Ortswechsel. Hristo Atanasov ist Koch in der bulgarischen Hafenstadt Burgas. Am Wochenende zieht er Militärklamotten an und fährt mit gleich gesinnten Freunden – die Gruppe zählt rund 30 Mitglieder – in den Wald, an die Grenze. „Wir spazieren da nur“, sagt er. Aber sie geben ihre Route der Polizei durch und halten Ausschau nach Migranten. Sie sind ein „patriotischer Bürgerverein“, die „Organisation zum Schutz bulgarischer Bürger“. Gründer: Atanasov. Mehr als 50 Migranten haben sie bereits der Polizei übergeben. Der 33-Jährige beeilt sich zu sagen, dass alles legal zugehe – „nicht wie bei Dinko oder Perata. Die verprügeln die Migranten, rauben sie aus und jagen sie zurück.“

Kopfgeld für Flüchtlinge

Dinko und Perata sind berüchtigte „Migrantenjäger“, die seit Februar die Nachrichten in Bulgarien beherrschen. Es begann mit Dinko Valev – ein bulliger Typ, der gern auf seinem Quad im Wald herumfährt. Eines Tages im Februar, so seine Darstellung, wurde er dabei von einem Migranten angegriffen, der sein Fahrzeug habe stehlen wollen. Valev streckte ihn mit ein paar Hieben nieder und verfuhr dann ähnlich mit anderen Migranten, die plötzlich aus den Büschen kamen. Dann rief er die Polizei.

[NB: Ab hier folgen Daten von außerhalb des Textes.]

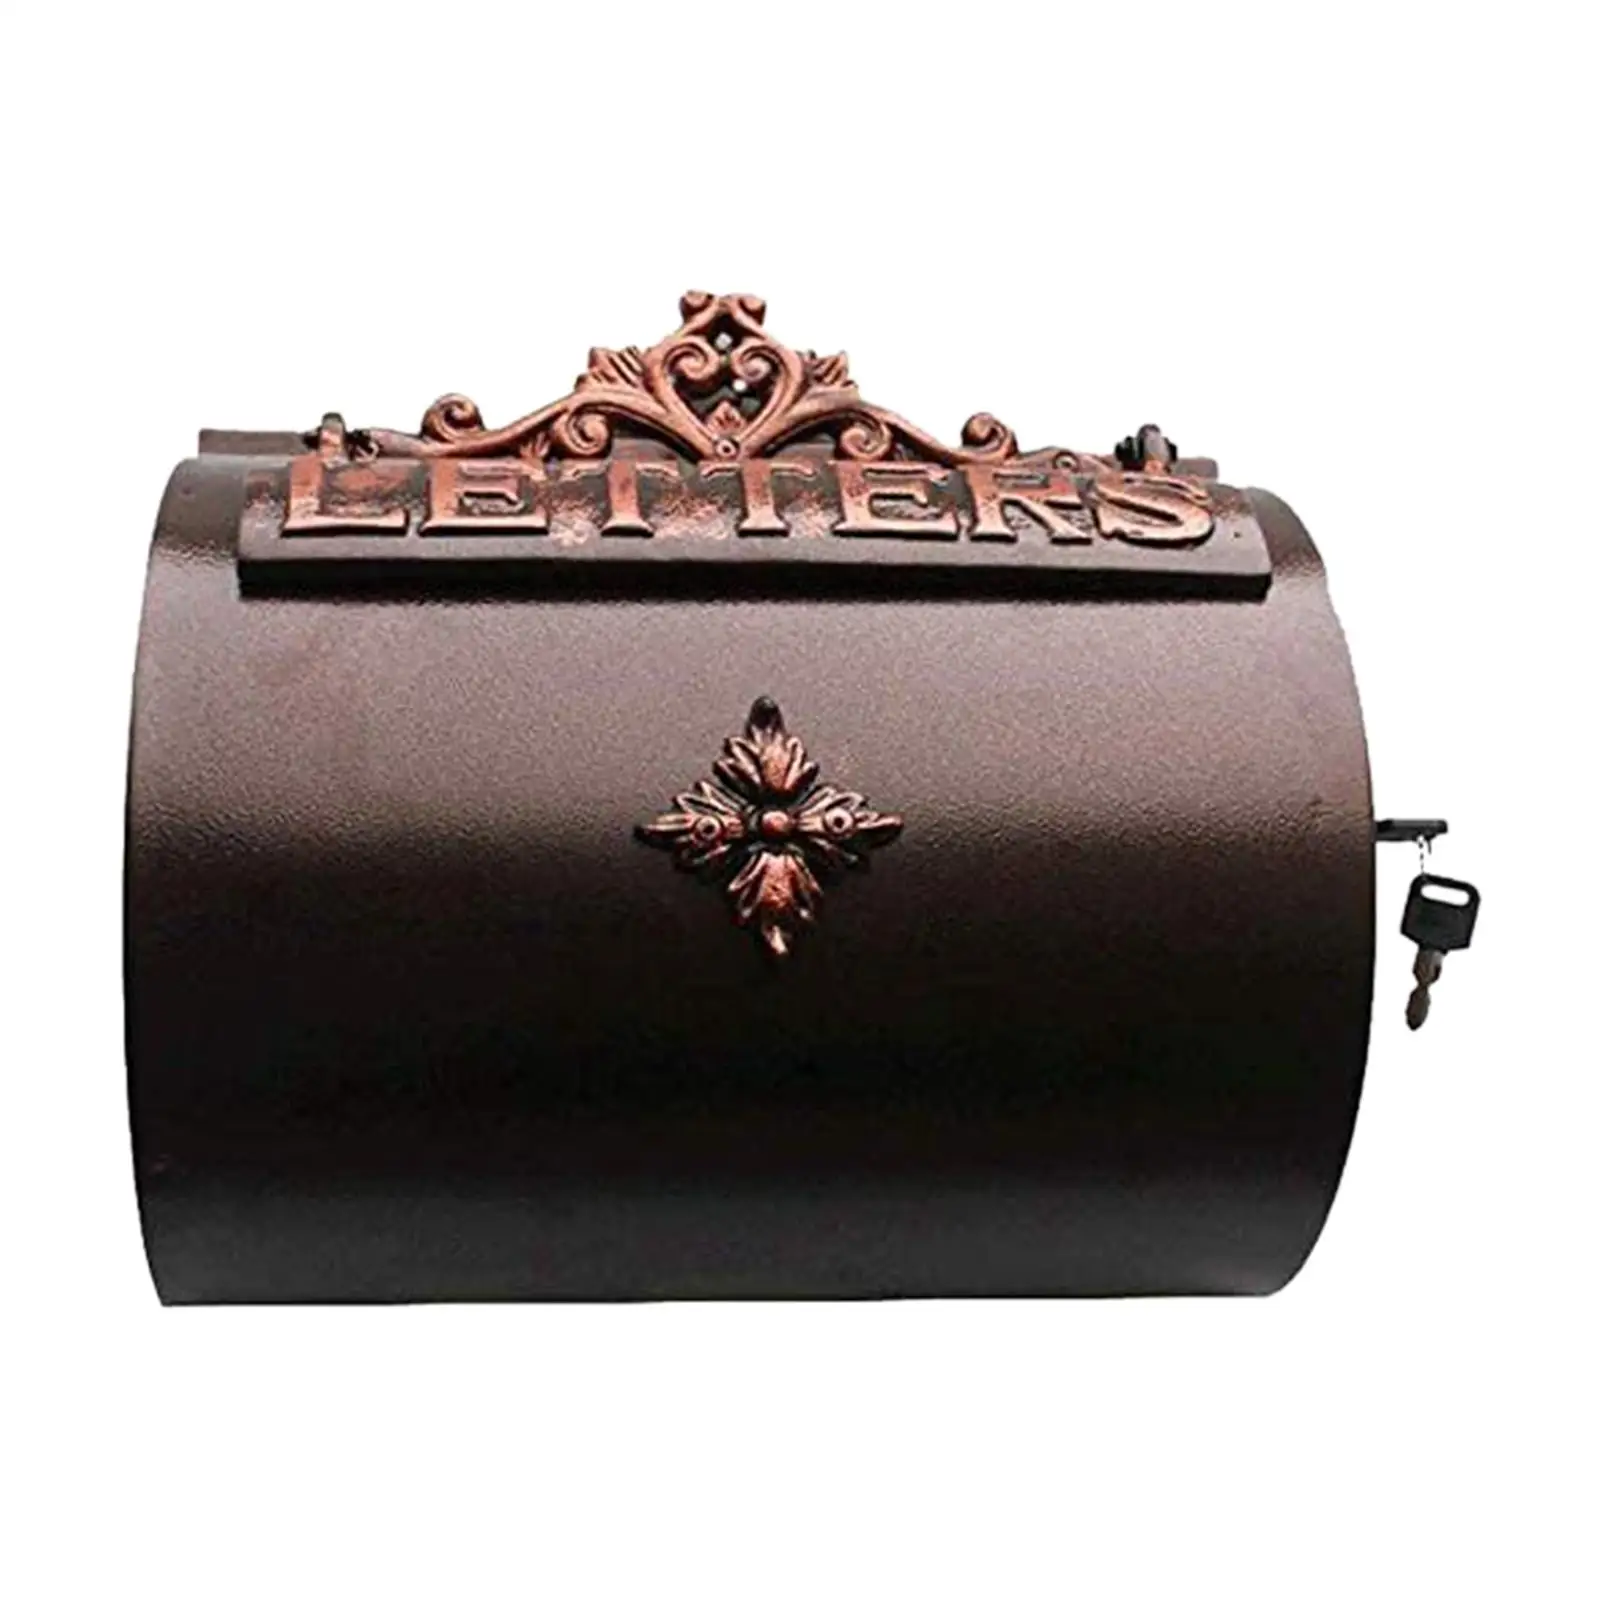 Pastoral Retro Letter Box with Key Lock Villa Outdoor Letter Box Retro Residential Mail Box Wall Mounted Mailbox

Er wurde in den bulgarischen Medien über Nacht zum Superstar, tönte auf allen TV-Kanälen, Migranten seien Terroristen und würden Europa und Bulgarien zerstören, wenn Leute wie er, Dinko Valev, nichts dagegen unternähmen. Seither hat er mindestens 25 Migranten „gefasst“, eine Welle von Nachahmern ausgelöst und fordert, die Regierung möge 25 Euro Kopfgeld pro gefangenem Flüchtling geben.

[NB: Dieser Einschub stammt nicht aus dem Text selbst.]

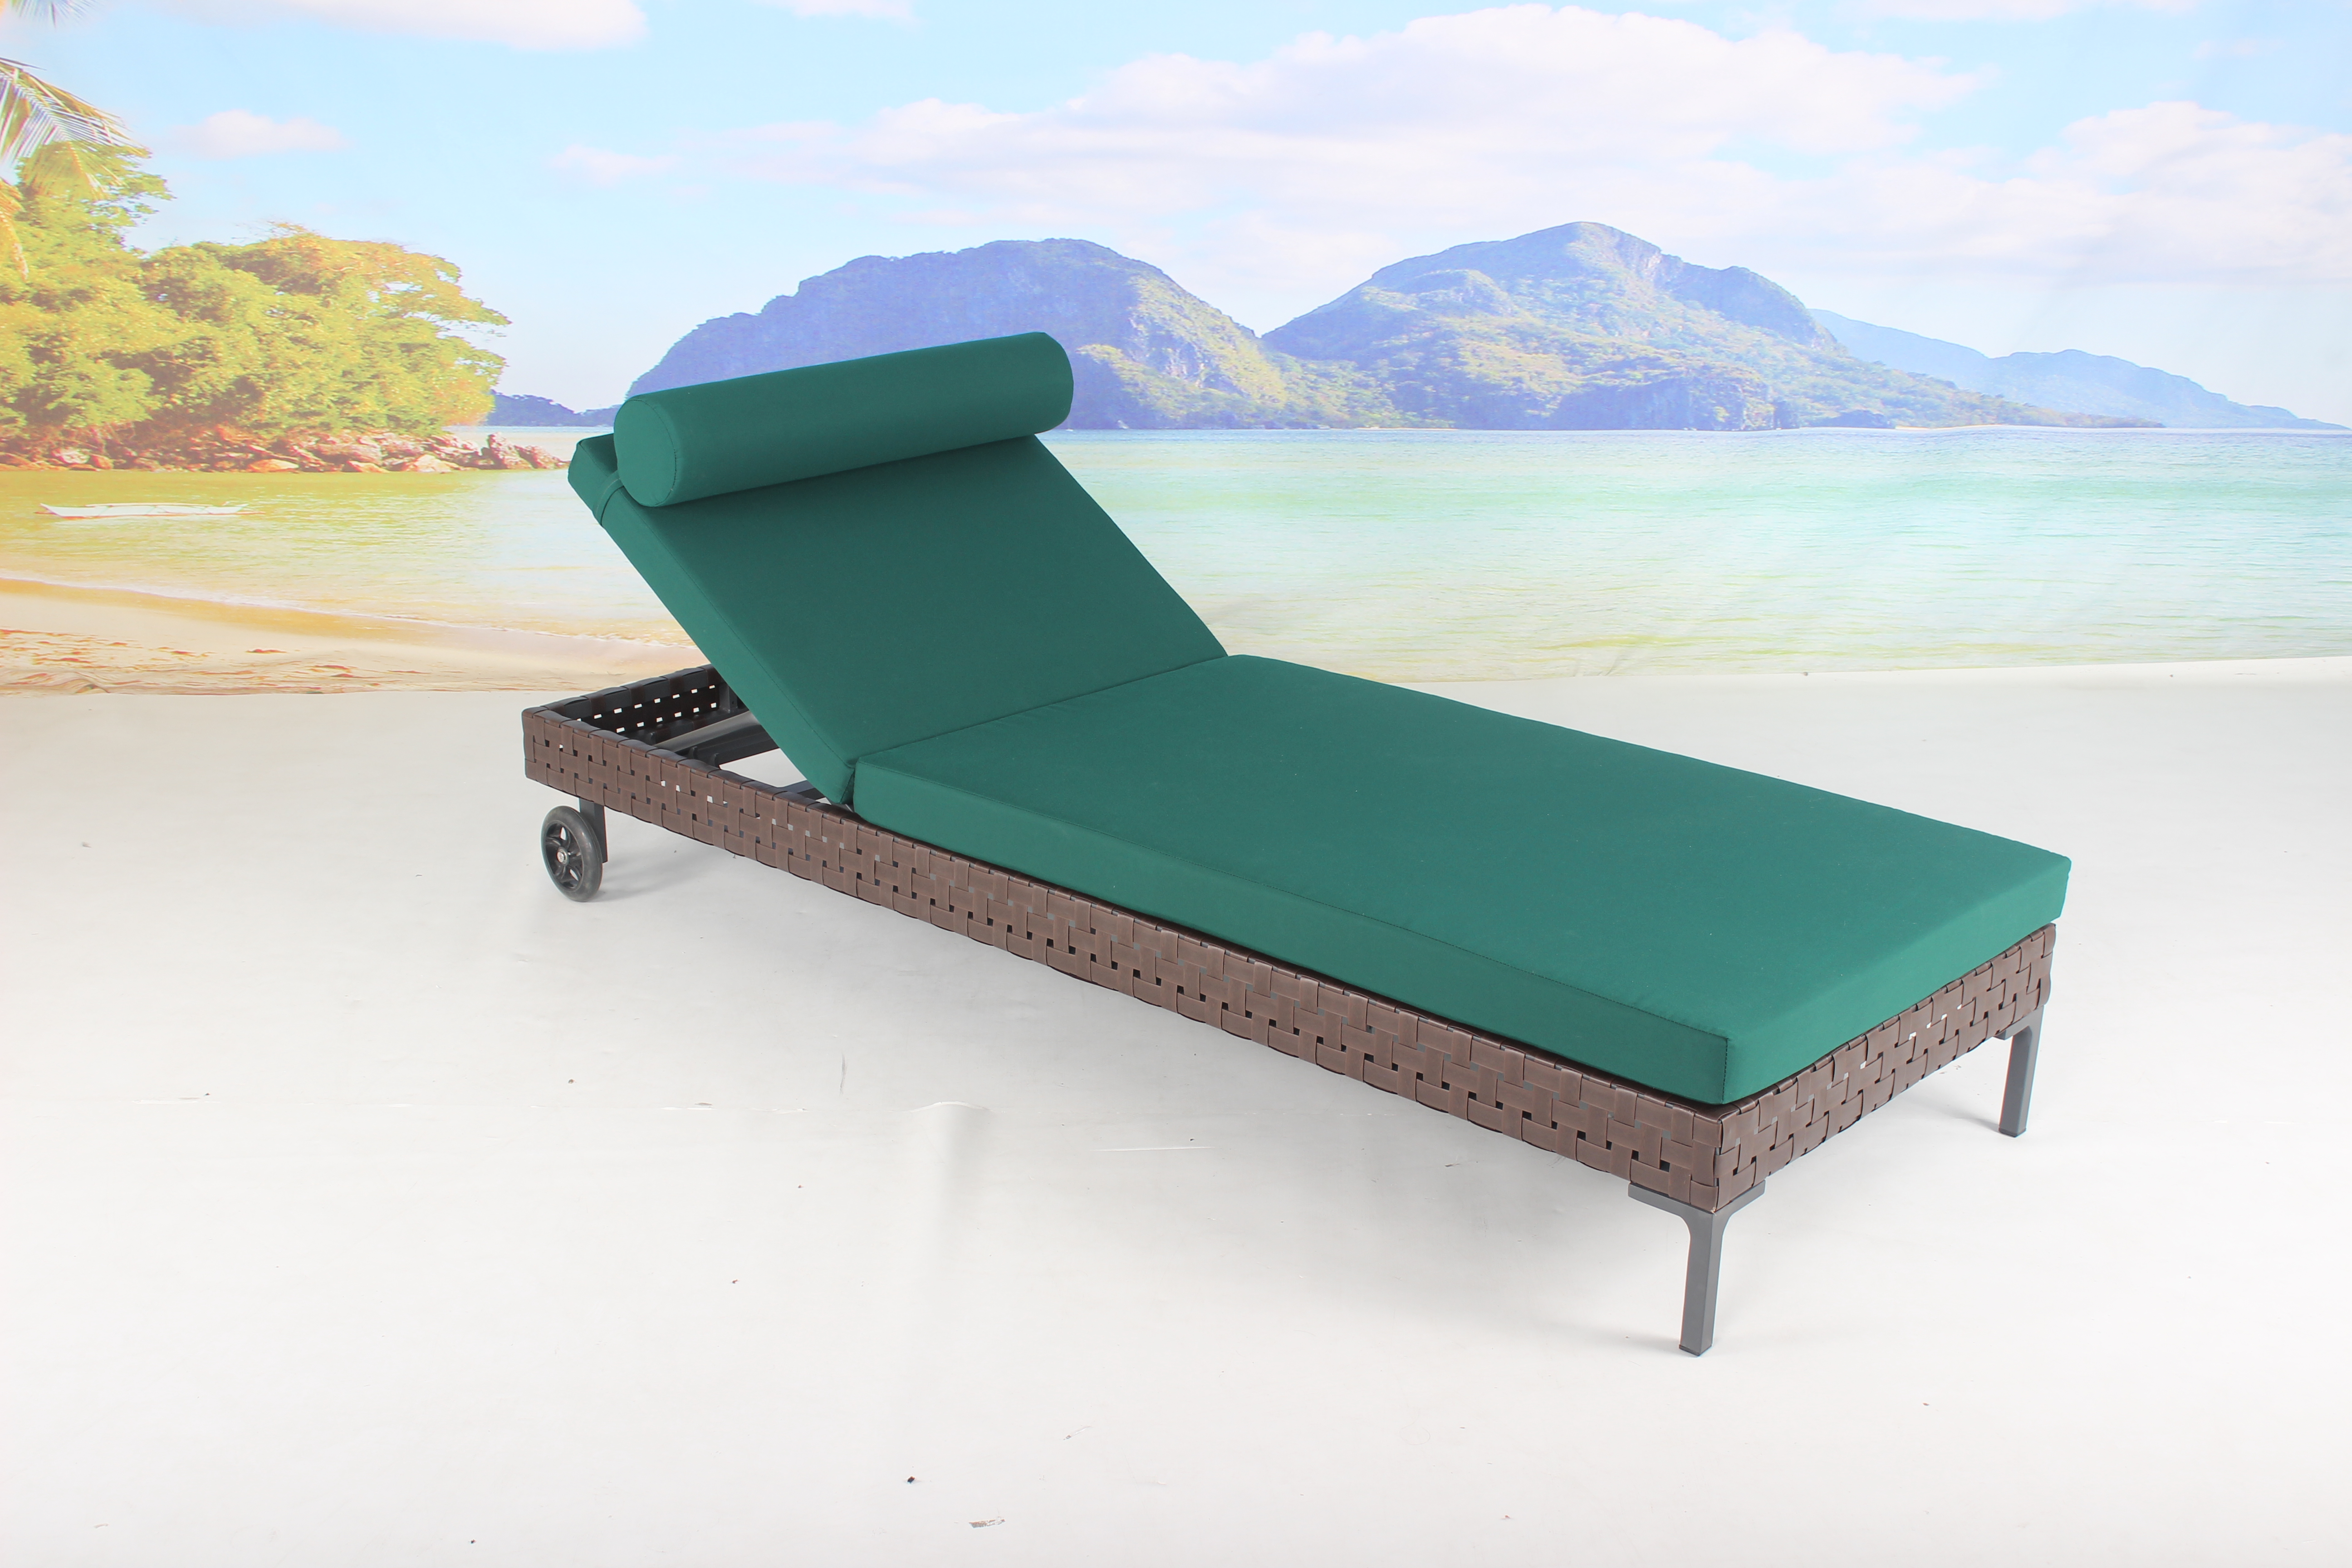 Patio outdoor rattan chaise lounge with cushion

Überhaupt hat er es mit dem Geld. 500 Euro fordert er für ein Treffen. Da das journalistisch unethisch wäre, kommt es nicht infrage. Andere Journalisten berichten von ähnlichen Forderungen des Mannes.

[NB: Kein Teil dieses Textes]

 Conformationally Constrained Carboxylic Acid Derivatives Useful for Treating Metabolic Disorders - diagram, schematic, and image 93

Meistens aber passiert auf den Bürgerpatrouillen in Ungarn und Bulgarien – gar nichts. Man erzählt sich gegenseitig, wie wichtig es ist, das Abendland zu verteidigen. „Die Migranten sind eine Invasion“, da sind sich die Gardisten in Györ einig. Die Polizei schütze die Bürger nicht, „die Menschen fürchten sich nach Einbruch der Dunkelheit“. Irgendwann, so hoffen sie, wird es die Garde auch offiziell wieder geben. Bis dahin zieht man eben ohne Uniform durch die Stadt.